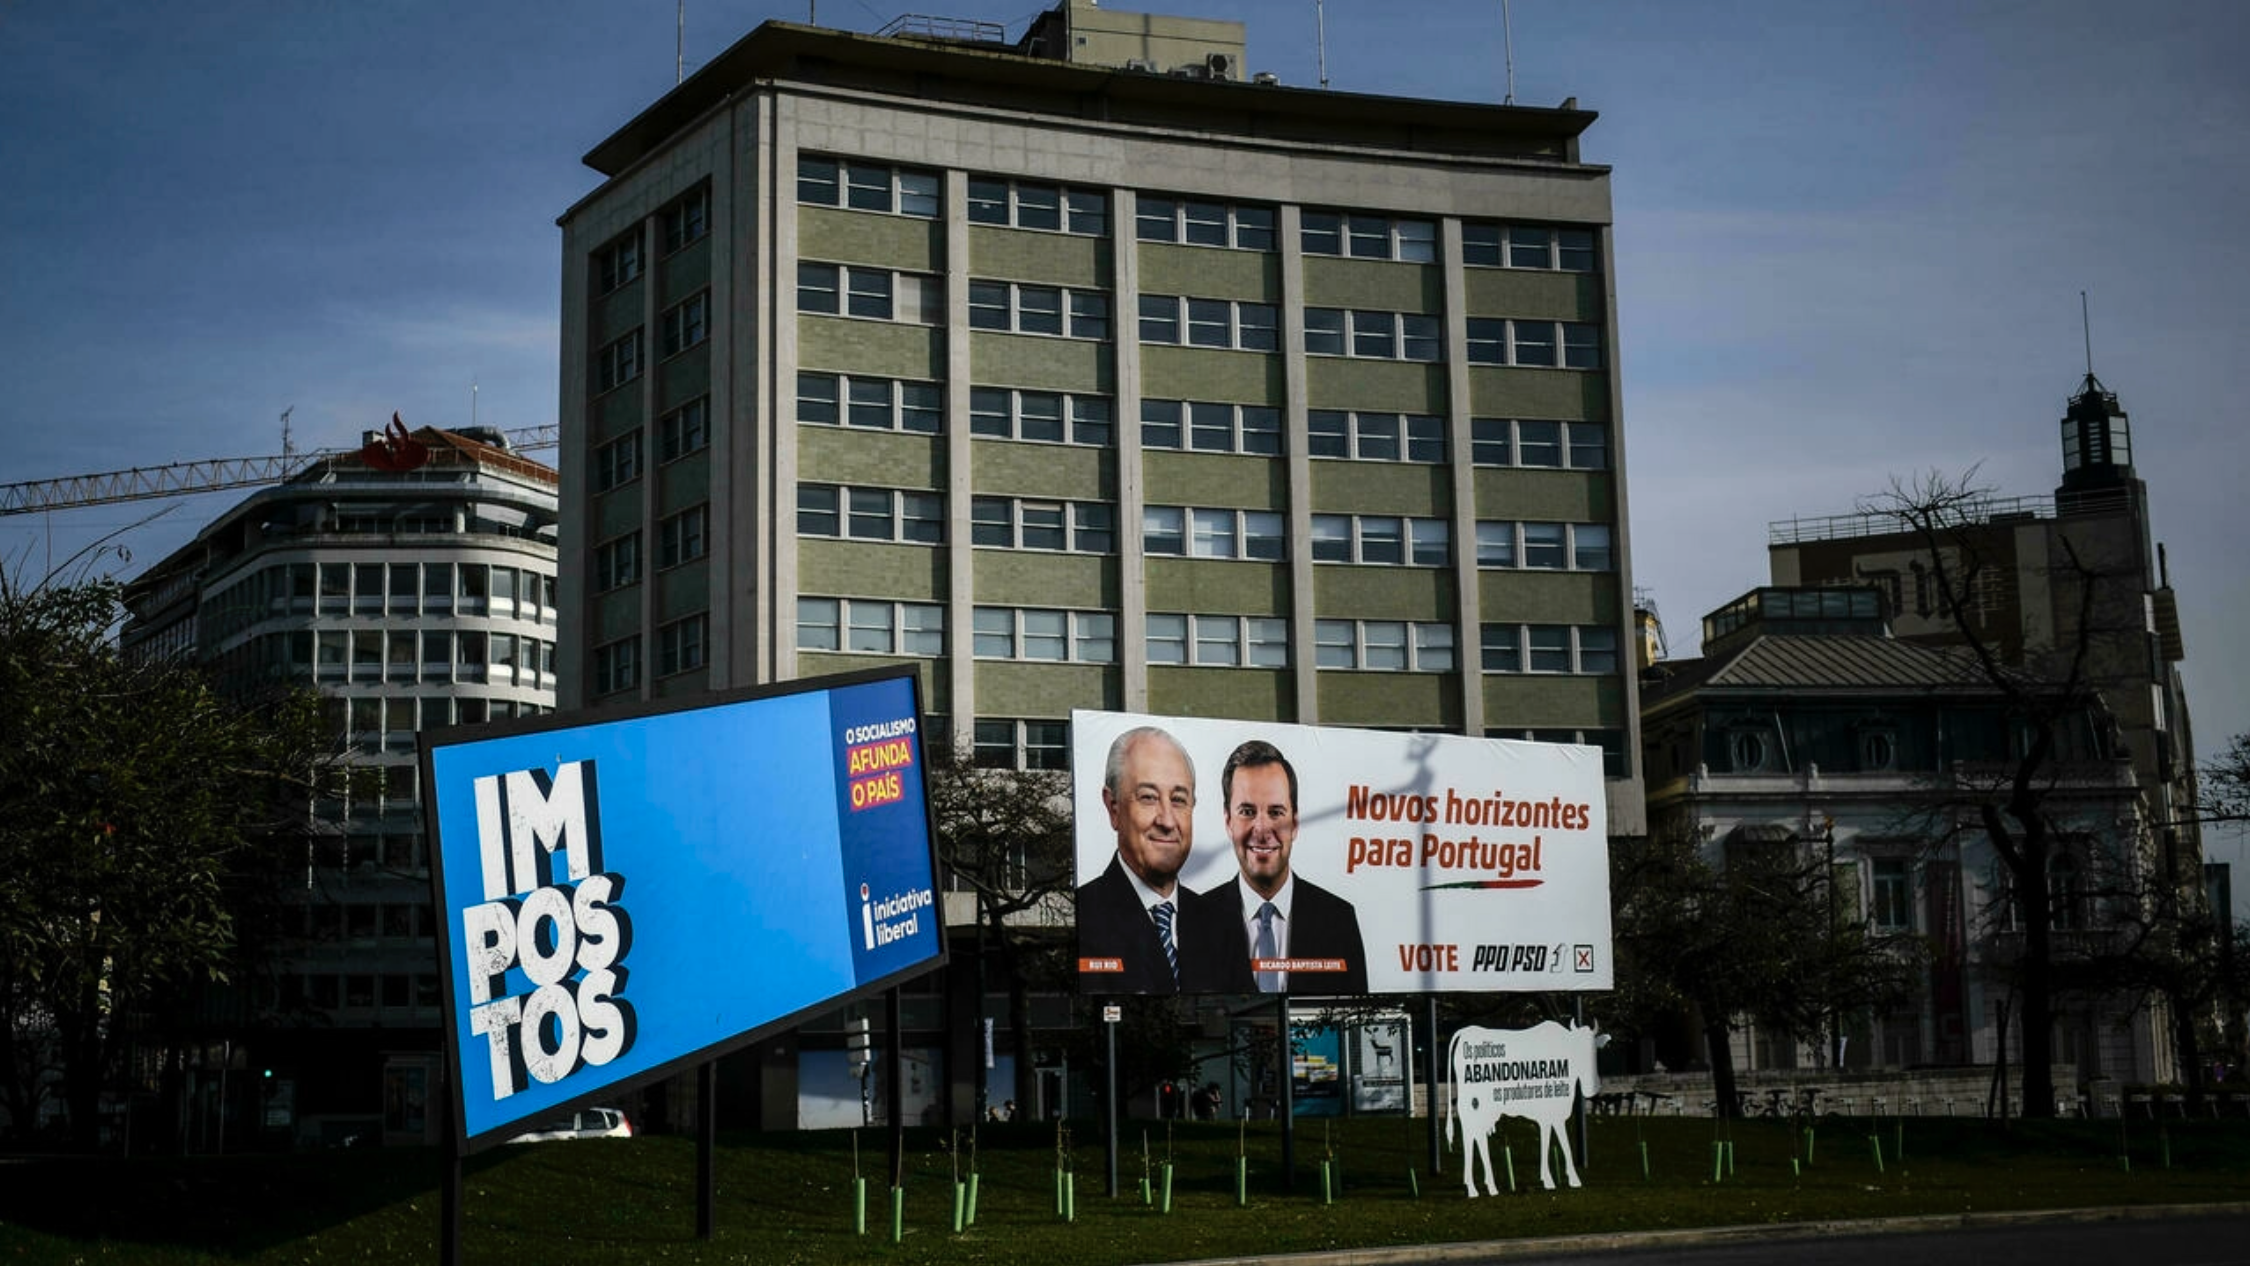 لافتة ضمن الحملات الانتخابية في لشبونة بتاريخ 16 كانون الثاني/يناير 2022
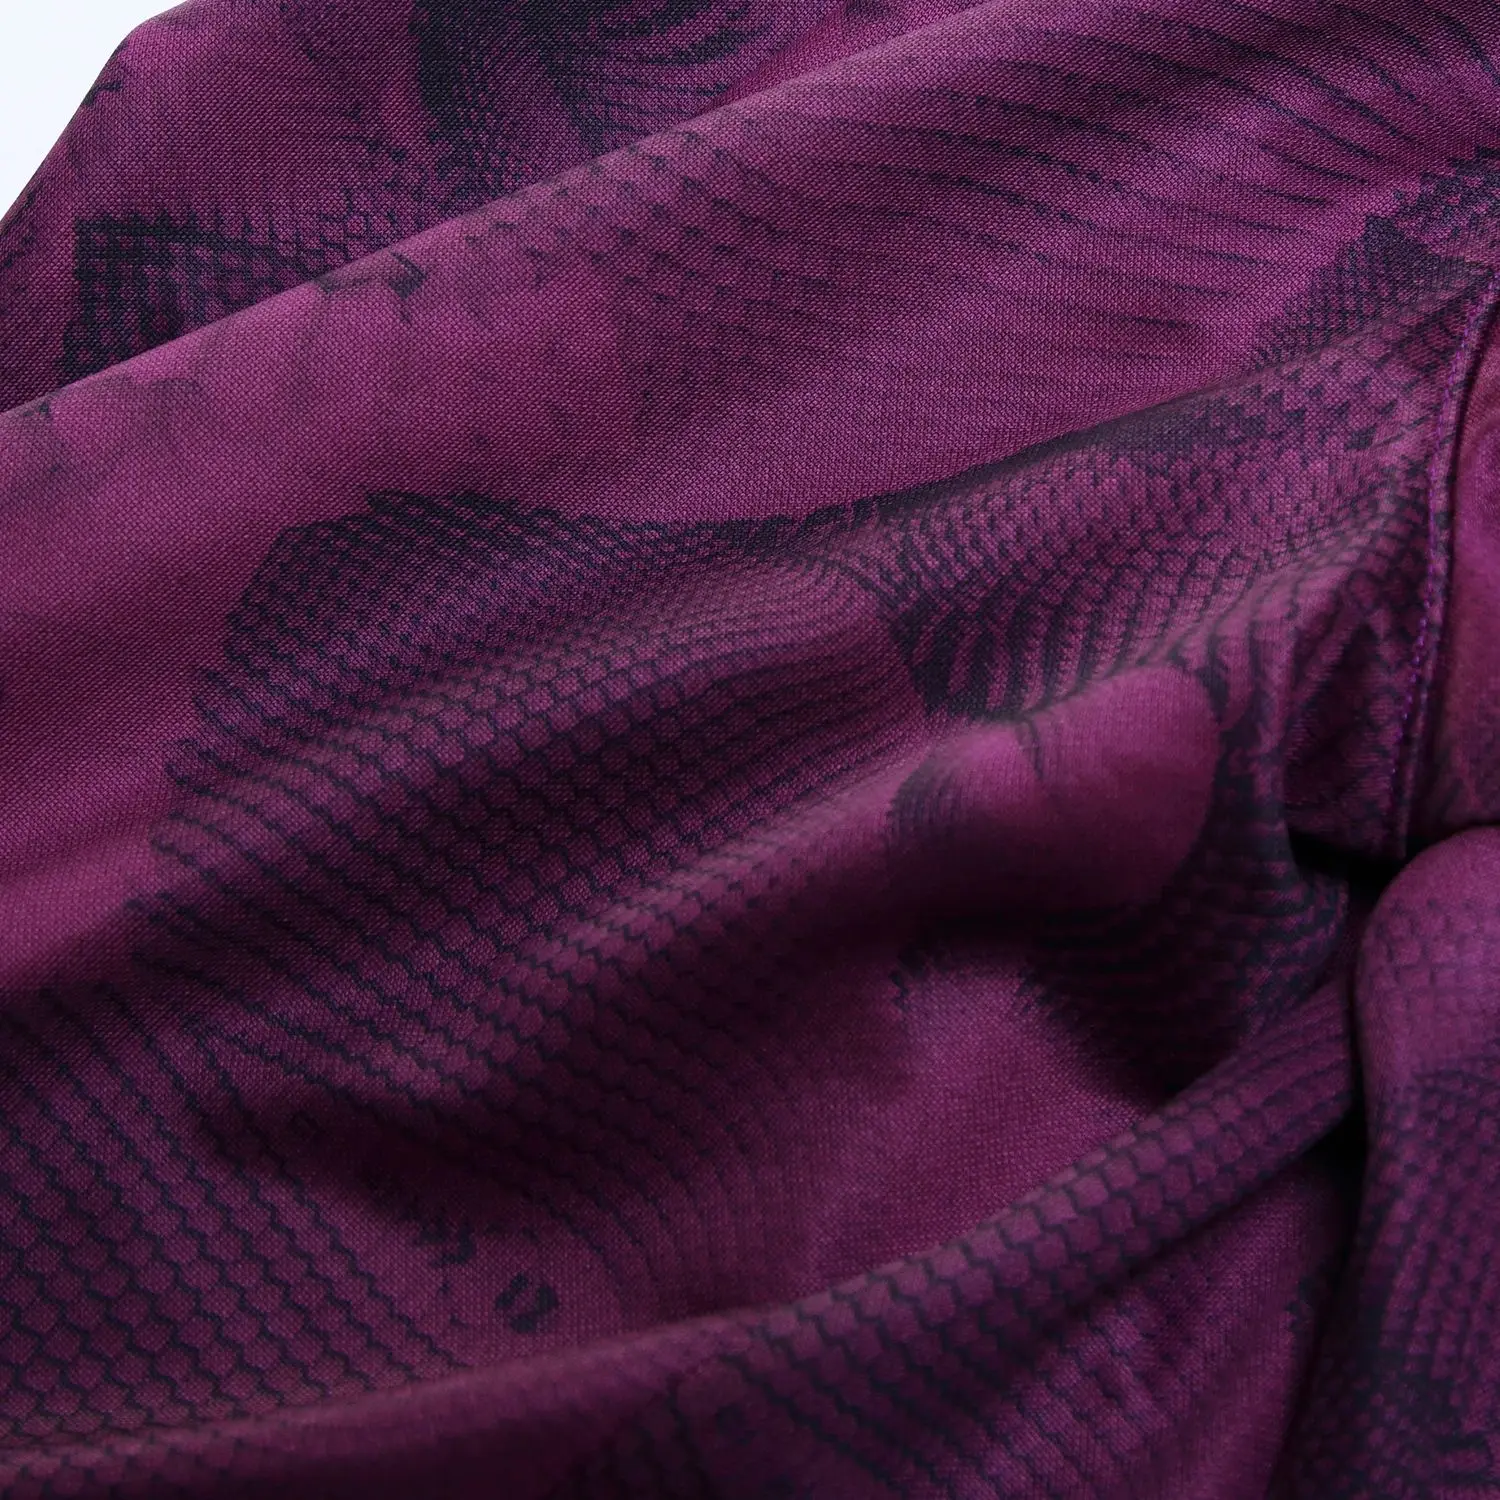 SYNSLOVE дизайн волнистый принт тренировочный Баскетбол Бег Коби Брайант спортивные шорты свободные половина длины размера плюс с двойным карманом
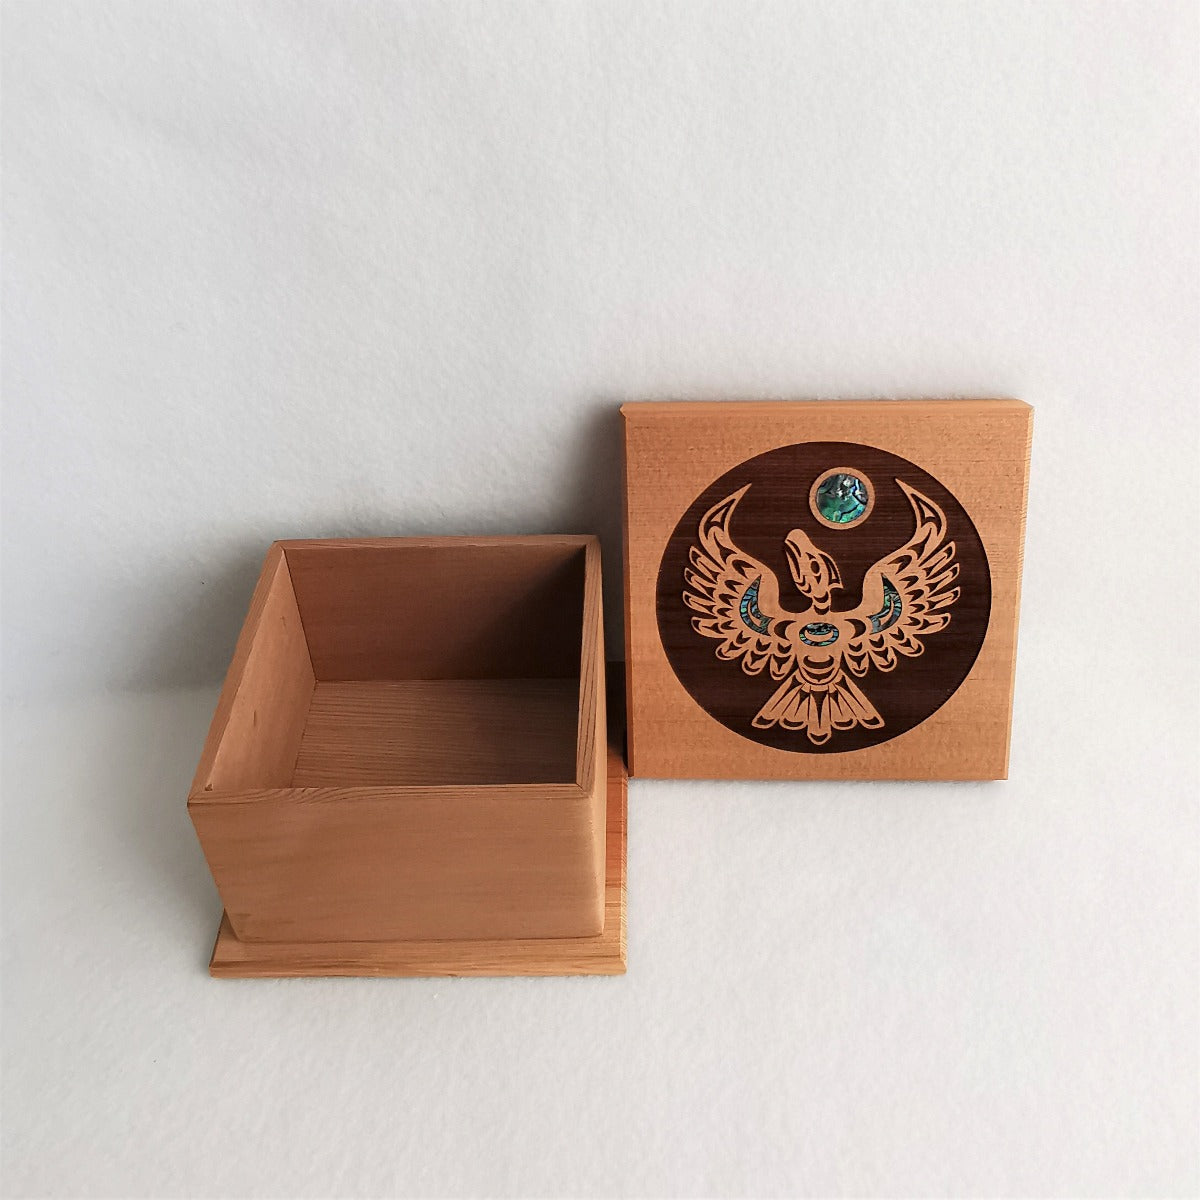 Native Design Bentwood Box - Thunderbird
★ ★ ★ ★
* [Task directions]
When you return the listing, keep it exact and omit any pictures it holds.

* [Answer below]
 لافتة ضمن الحملات الانتخابية في لشبونة بتاريخ 16 كانون الثاني/يناير 2022
 SYNSLOVE дизайн волнистый принт тренировочный Баскетбол Бег Коби Брайант спортивные шорты свободные половина длины размера плюс с двойным карманом
 Native Design Bentwood Box - Thunderbird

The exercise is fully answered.